Fürstenfeldbruck

Volt und Sühne

Fürstenfeldbruck ist bekannt für sein prachtvolles spätbarockes Sühnekloster und für die einflussreiche Familie der Millers. Ferdinand von Miller schuf 1850 die Bavaria-Statue am Münchner Oktoberfestgelände. Sein Sohn Oskar versorgte Fürstenfeldbruck als eine der ersten bayerischen Gemeinden mit Strom und gründete 1903 das Deutsche Museum in München.

Die Große Kreisstadt Fürstenfeldbruck liegt rund 30 Kilometer westlich von München. Ihr Name setzt sich zusammen aus dem Kloster Fürstenfeld und dem mittelalterlichen Ortsteil Bruck, der gut hundert Jahre älter ist als das Kloster. Rund 38.000 Menschen leben hier.

Der Ursprung des Ortes liegt nahe der Amperbrücke, die an dieser Stelle seit jeher über den Fluss führt. Heute steht man hier an der Eisdiele Schlange oder sonnt sich auf einer der Bänke am Fluss. Gegenüber, vor der Leonhardikirche, werden im Oktober anlässlich der traditionellen Leonhardifahrt die Pferde gesegnet.

Im Mittelalter war der Flussübergang eine unumgängliche Zollstation an der Handelsstraße zwischen dem 1158 gegründeten Markt München und der alten Römermetropole Augsburg. Entlang der heutigen Hauptstraße ließen sich Wirte, Metzger, Bierbrauer und Schmiede nieder. 1306 erhielt Bruck das Marktrecht. Zahlreiche Restaurants, die Gebäude ehemaliger Brauereien, sowie die im Frühjahr und Herbst stattfindenden Marktsonntage, prägen das Bild der Altstadt bis heute.

An der Hauptstraße befindet sich auch das denkmalgeschützte „Brameshuber-Ensemble“ mit seinen beiden in Zuckerbäckerfarben gestrichenen Häusern. Im kleineren rechten erblickte 1813 der Erzgießer Ferdinand von Miller das Licht der Welt. Eine Tafel an der Hauswand und eine Skulptur mit dem Abguss einer Fingerspitze der Bavaria erinnern an den wohl bekanntesten Fürstenfeldbrucker Bürger.

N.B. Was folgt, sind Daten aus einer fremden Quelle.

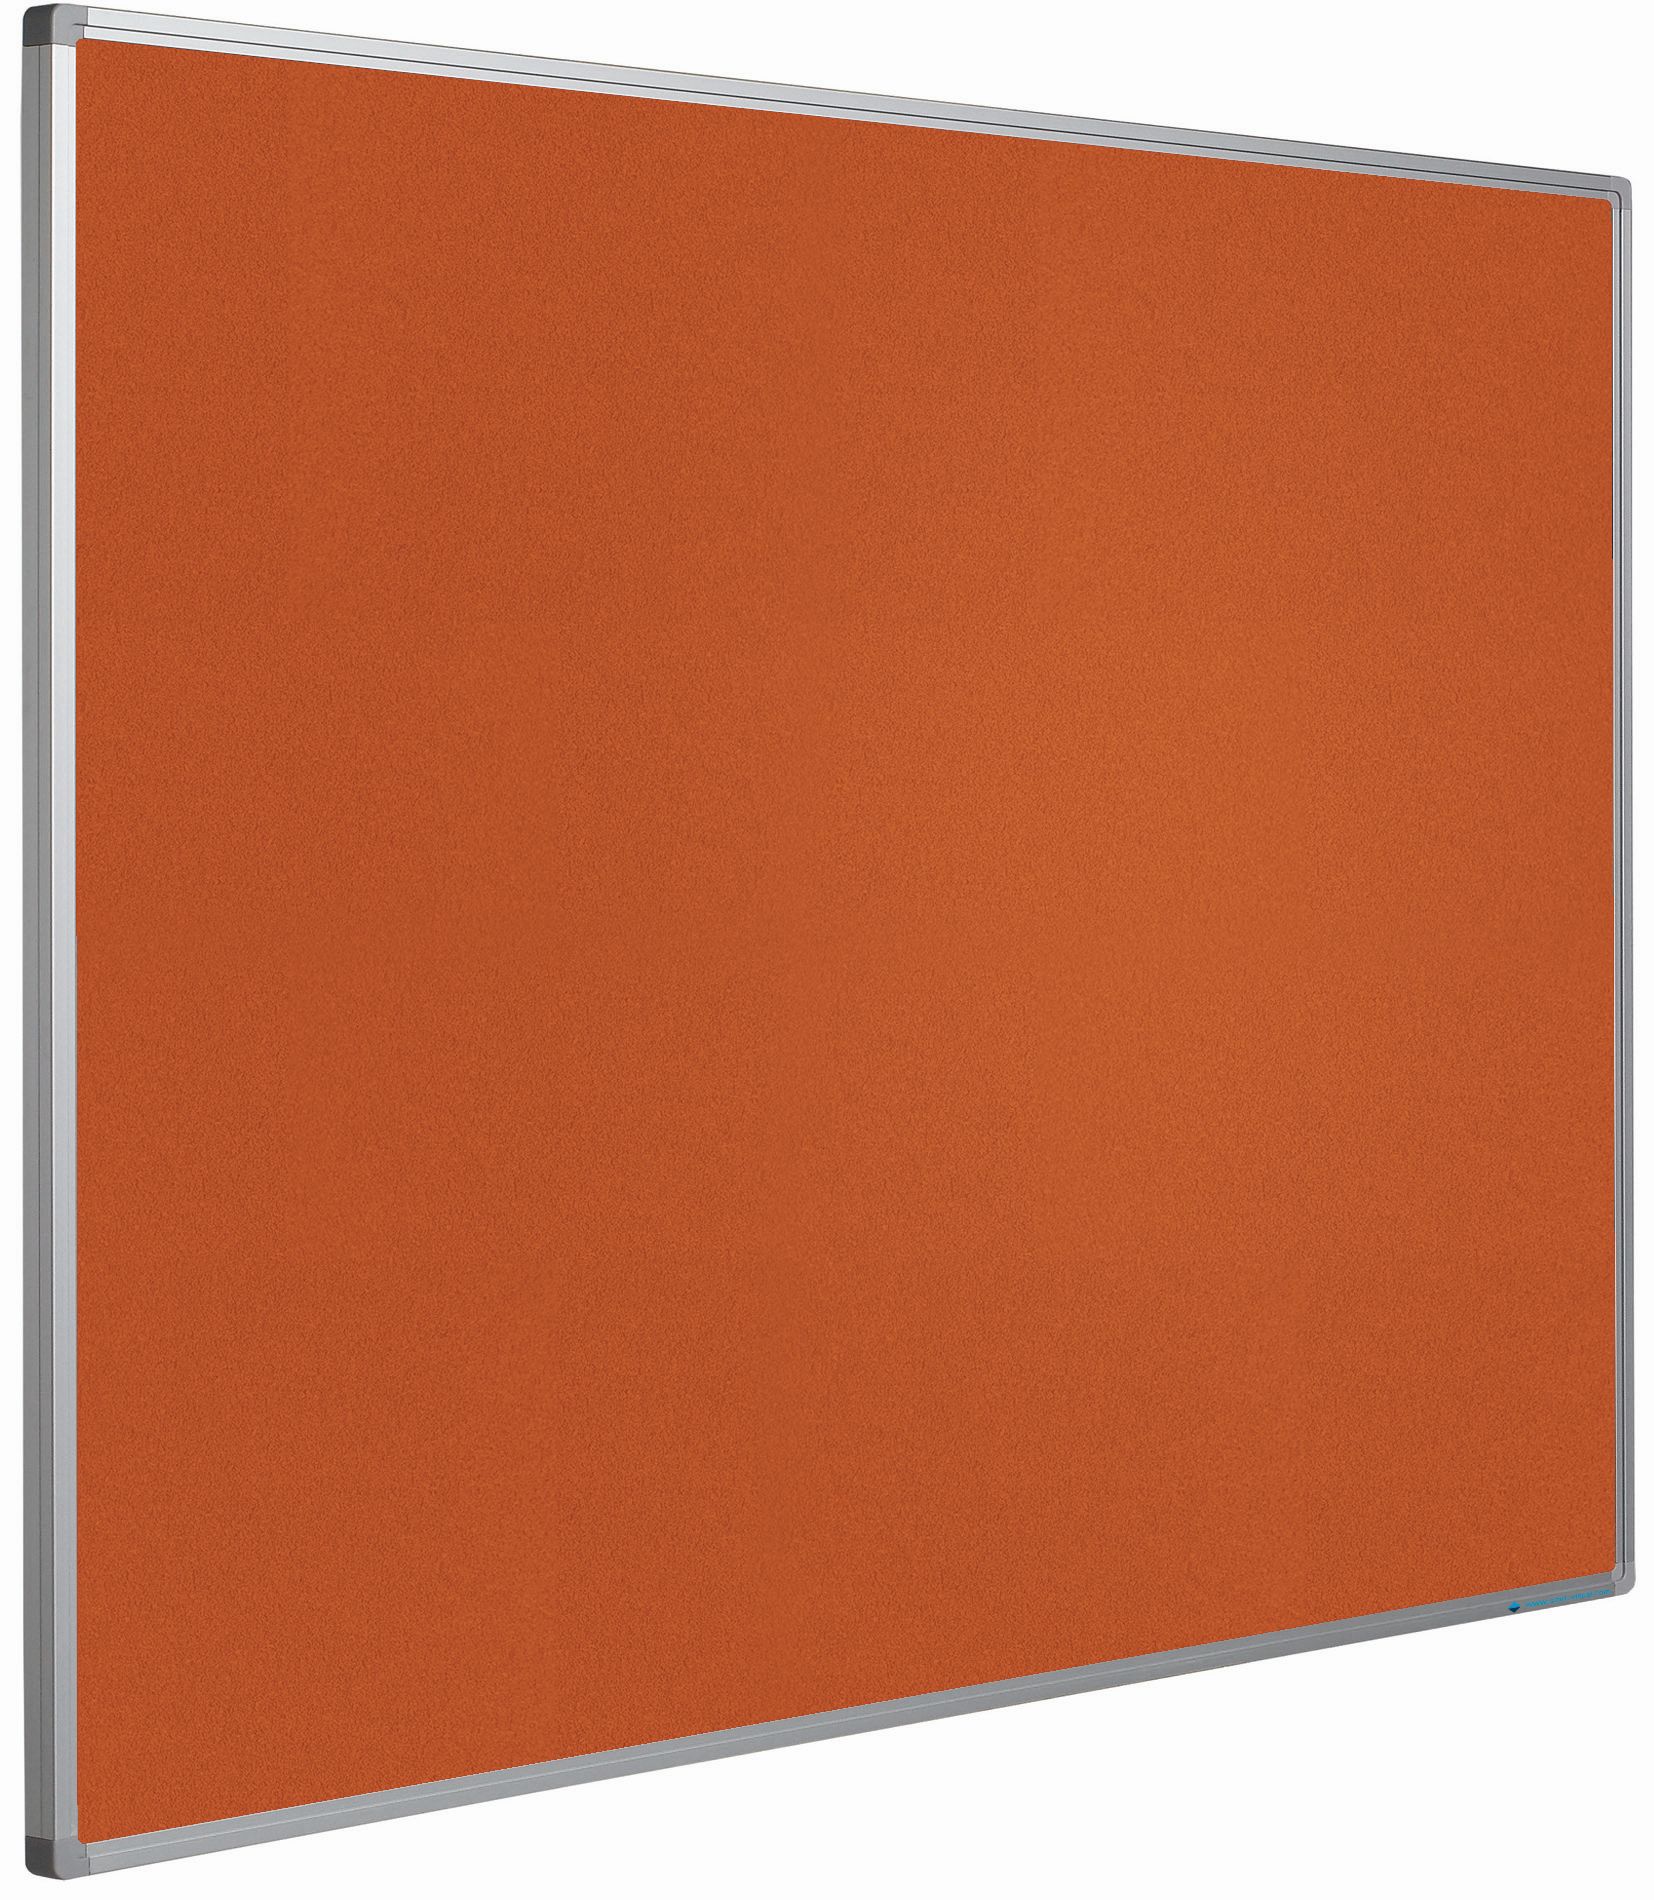 Prikbord Softline profiel 16mm, bulletin oranje - 120x180 cm

Die von ihm geschaffene 16 Meter aufragende Frauenfigur auf der Münchner Theresienwiese ist die größte, komplett aus Bronze gegossene, Kolossalstatue der Welt. Ferdinand von Millers Verbindungen reichten bis in die Neue Welt. Die Tore des Kapitols in Washington und eine Statue von George Washington in Richmond stammen von ihm. Für sein Wirken wurde er von König Maximilian II. in den erblichen Adelsstand erhoben.

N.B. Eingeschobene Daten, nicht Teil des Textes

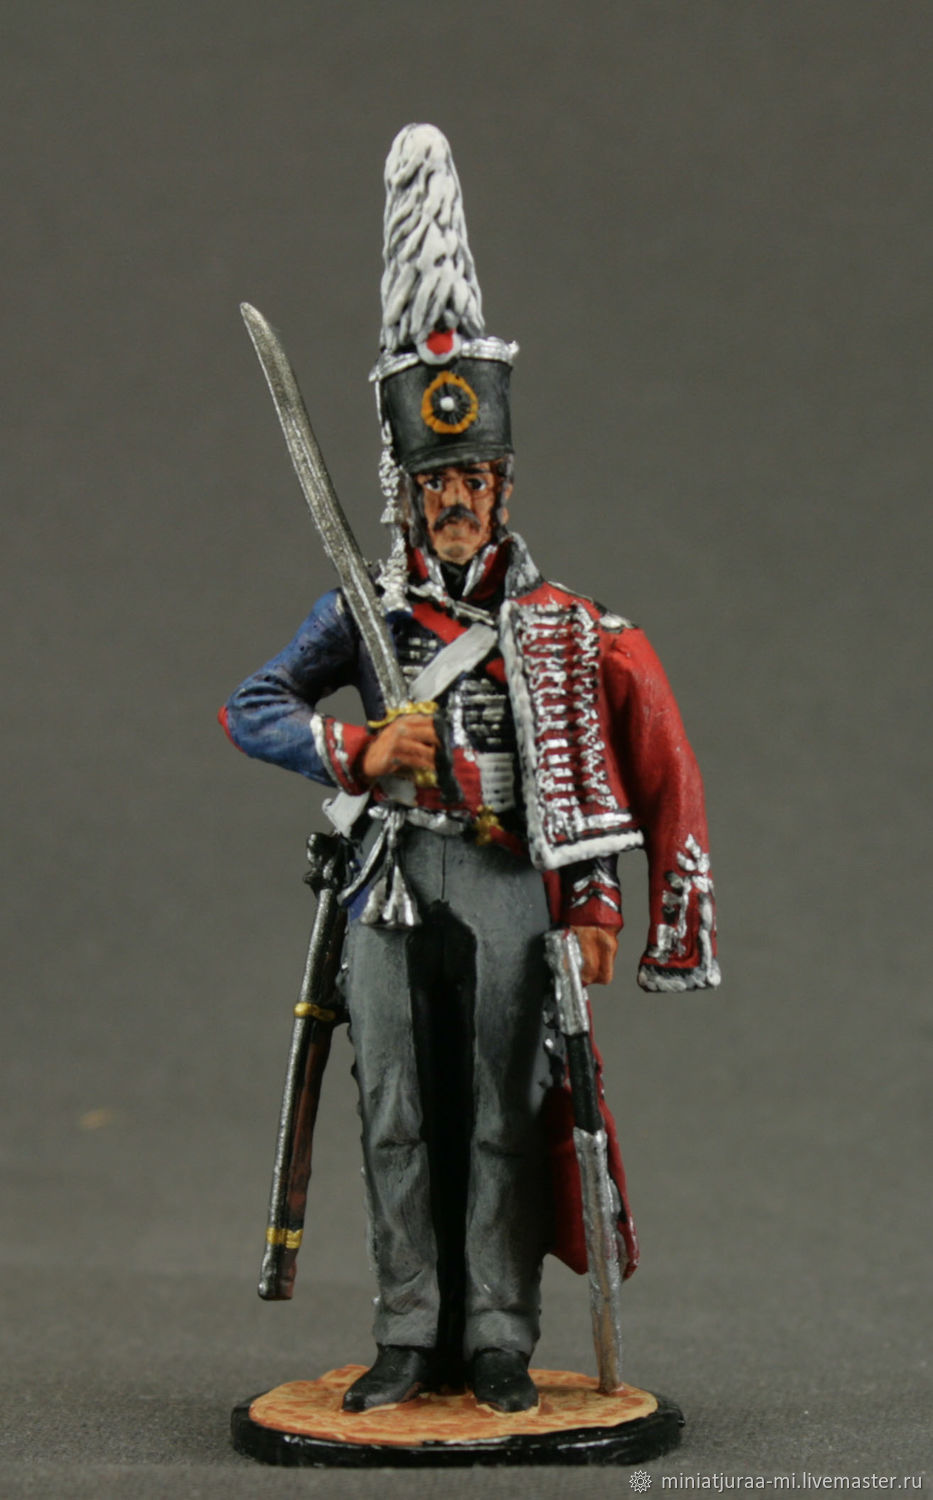 EK Castings 54 mm Tin Soldier Napoleonic War FRANCE set 3-3 figures 1:32

Sein jüngster Sohn Oskar von Miller ist nicht nur der Gründer des Deutschen Museums in München, sondern auch ein Pionier der Elektrizitätsversorgung in Bayern. Unter seiner Regie nahm 1892 das erste kommunale Elektrizitätswerk Bayerns in Schöngeising bei Fürstenfeldbruck seinen Betrieb auf. Das denkmalgeschützte Wasserkraftwerk ist noch immer in Betrieb.

Von der Innenstadt zum ehemaligen Kloster Fürstenfeld führt ein Spazierweg durch die Grünanlagen an der Amper. Errichtet wurde das Kloster 1263 vom Wittelsbacher Herzog Ludwig II. aus Buße für den Mord an seiner Frau Maria von Brabant. 1256 hatte er sie der Untreue bezichtigt und enthaupten lassen. Später musste er erkennen, dass sie völlig unschuldig gestorben war. Die grausame Tat bescherte dem Herzog den Beinamen „der Strenge“.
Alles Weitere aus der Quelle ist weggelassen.